(Spoilers ahead if you for some reason have not seen Conclave yet) (Literally go see it, it’s so good)
Conclave bravely proves that men can be bitches too, and very often are. The reason I wanted to see this movie in the first place (besides Stanley Tucci) was a tweet that remarked that Conclave is like if an episode of Gossip Girl was filmed at the Vatican - which is a very poignant summary of the movie. These men of God are motivated by political power and ego, which they have found religious excuses for. The vaping Italian Cardinal Tedesco (Sergio Castellitto) is a primary example: he wants an Italian in power and he wants a traditionalist in power, but mostly he wants it to be him. But even the Cardinals that are painted as good are driven by ego - even Stanley Tucci.
If you strip away all the sinning and conniving, the major conflict in Conclave is the battling opinions of which way the church should behave moving forward - it is a question of traditionalism versus progressivism. Of course, this includes the role of women in the church - women are not allowed to be priests in Catholicism, meaning they are shut out from all high ranking positions in the church. During a strategy meeting Cardinal Bellini (Stanley Tucci), the most progressive Cardinal in the running for Pope and the fan favorite of protagonist Cardinal Lawrence (Ralph Fiennes), shares his platform: he’s pro-gay marriage, pro-birth control, pro-tolerance to differing views within the church, pro-women playing more of a role in the curia. At the end of this speech another Cardinal says, “let’s not bring up women.”
So how do you solve a problem like Maria? Well, you ignore it, as it is politically unpopular amongst even the most progressive of Cardinals.
The female cast of Conclave is seen but not heard - in fact Isabella Rossellini’s Sister Agnes is the only female character that has distinct lines, and she doesn’t speak until 59 minutes into the movie - almost exactly halfway through. And yet there are women present, the nuns are the gears that keep the machine of the Conclave working - they are seen cooking and cleaning and providing other sorts of support to the male Cardinals as they select a new pope. They are not, crucially, allowed in the room where the voting for the new pope takes place, they are seen only in the domestic spaces of the film: bedrooms, kitchens, dining areas. The majority of shots the nuns are featured in show them hovering in the background or show only the backs of their habits, very few moments are spent actually focusing on their faces.
Nuns are not especially powerful in the Catholic Church, except in the case of traumatizing Catholic school children, but we see nuns bring the cardinals to their knees politically twice in the film. The first is when Cardinal Adeyemi (Lucien Msamati), a frontrunner for Cardinal, is cast out of the lead when it becomes clear from a public outburst that he has had some sort of romantic entanglement with a nun. He goes from Pope to nope over the course of a single, dramatic interaction. The nun in question does not even have any audible lines in the movie, her presence alone is powerful enough to upset Adeyemi.
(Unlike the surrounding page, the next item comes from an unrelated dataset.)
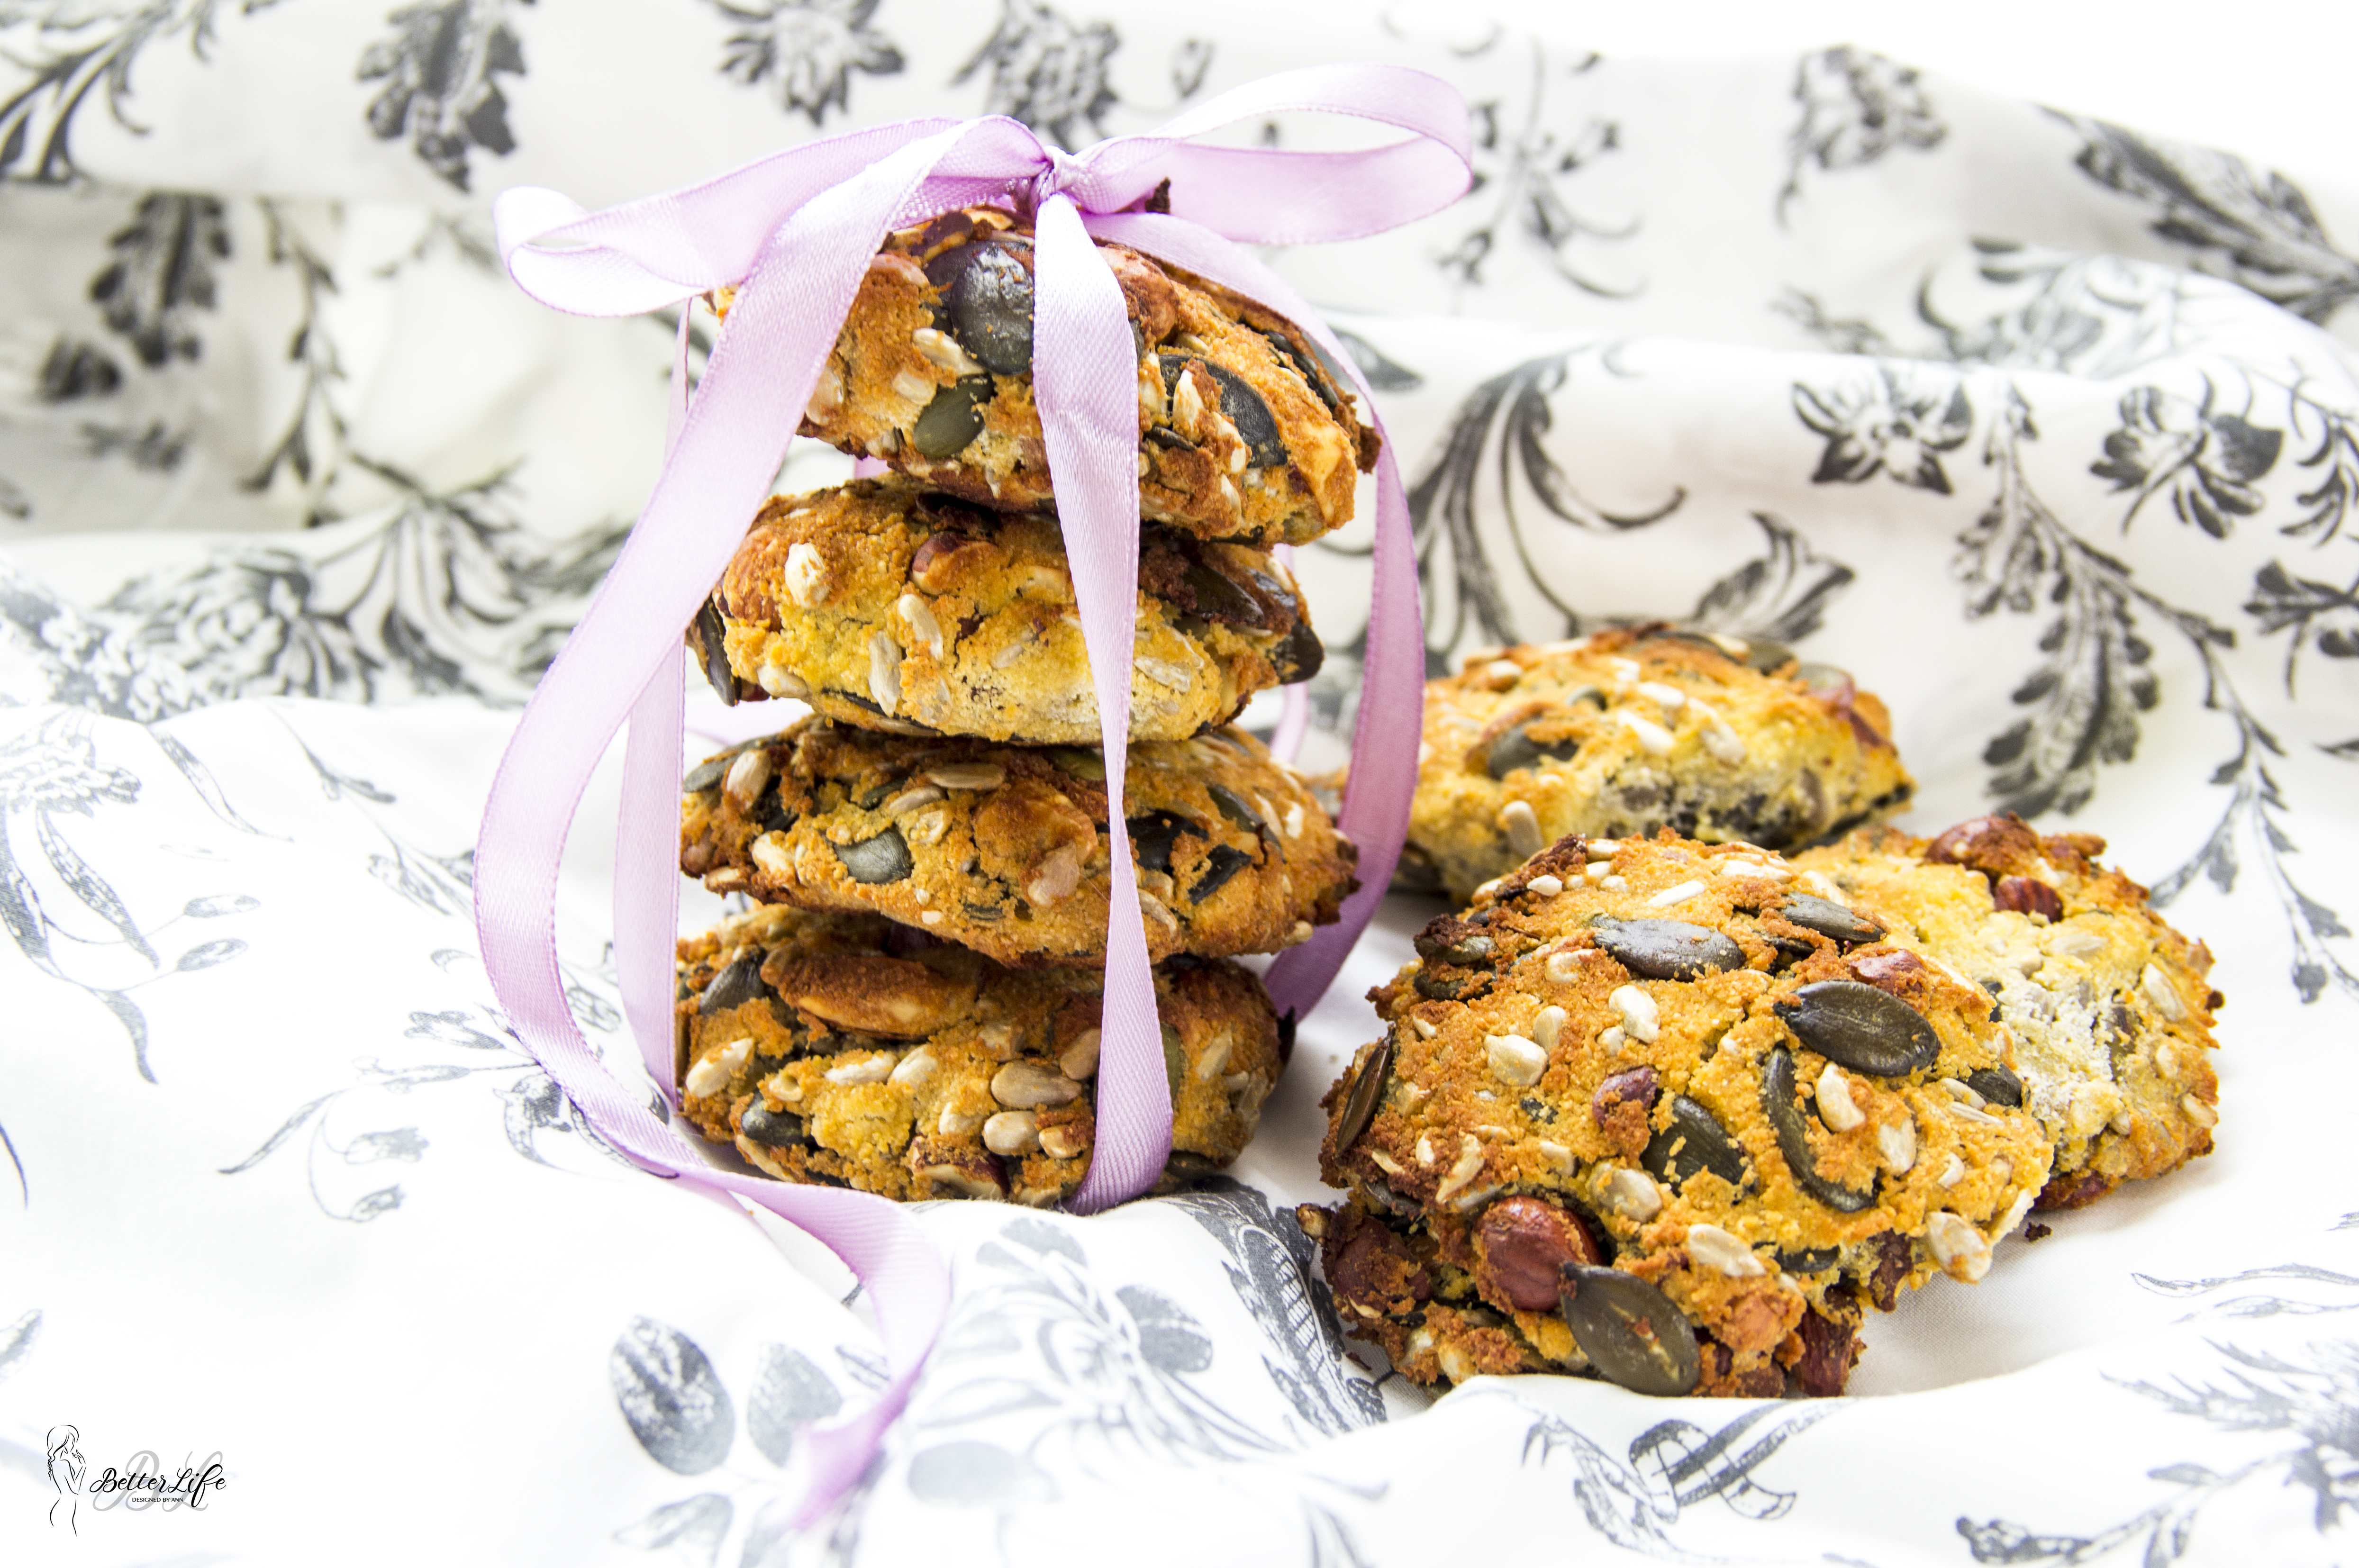 Cookies (: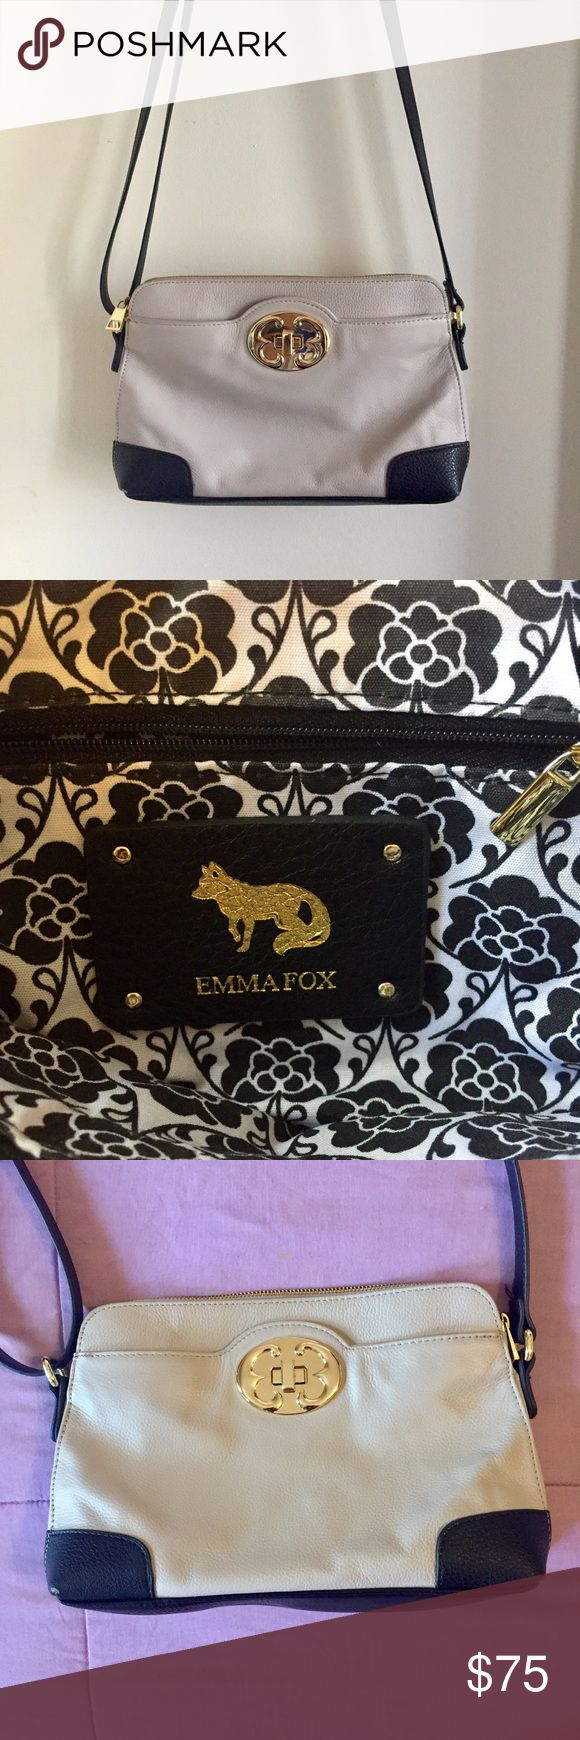 Emma Fox Leather Cross-body Handbag Tan and black leather cross body bag with gold buckle and patterned interior. Several pockets inside and outside. Adjustable strap Emma Fox Bags Crossbody Bags

It is not her actions, but rather his relationship with her and his inability to control himself around her, that cause his ruin.
The second occasion is when Sister Agnes exposes how exactly that other nun ended up at the Conclave in the first place: in a rare moment of the Cardinals paying attention to a woman, she uncovers that the woman was flown in by Cardinal Tremblay (John Lithgow) in an attempt to undermine Adeyemi and secure votes for himself. Rossellini has so few lines in the film but her performance is truly arresting - she clearly runs shit and every line and suspicious facial expression are delivered with incredible power.
But the thing that flips all the church’s gender roles on their head is the twist ending: shortly after being chosen, the elected pope Cardinal Benitez (Carlos Diehz), reveals himself to be intersex. He has a uterus, and therefore, he says, would be considered biologically female. None of the Cardinals know this, of course, and in fact Benitez didn’t even know it until he was opened up for surgery a few years prior. It is a rare and surprising moment of intersex representation meant to make you and Cardinal Lawrence question your preconceived ideas of gender presentation. While the Cardinals are preoccupied with infighting and ignoring women all together, they are missing the fact that the gender and sexual binaries that so much of the world is based on are completely unnatural. Benitez shares that he refused to get surgery to remove the uterus because God made him the way he is, and he doesn’t feel the need to change that to fit into an imaginary binary.
It is a very timely reminder that you have no idea what someone’s sexual characteristics are unless you literally cut them open to check. And if you have to work that hard to find out what someone is, does it really matter? And if the lines are so blurred, how can you have a religious hierarchy that relies so heavily on them?
The final shot of the film is a trio of giggling nuns leaving the conclave, shown from Cardinal Lawrence’s perspective. The image is light and airy after a full movie shut into the conclave. It is also the only time in the movie that one of the Cardinals simply observes women, rather than needing some thing or piece of information from them. After two hours of watching men fight among themselves for what they believe is their rightful place in power, we’re left with the image of women from a distance. These women, just like the men, have devoted their lives to the church and yet they expect and receive no power from doing so. But finally at the end of it all, they are both seen and heard, even if just by one Cardinal.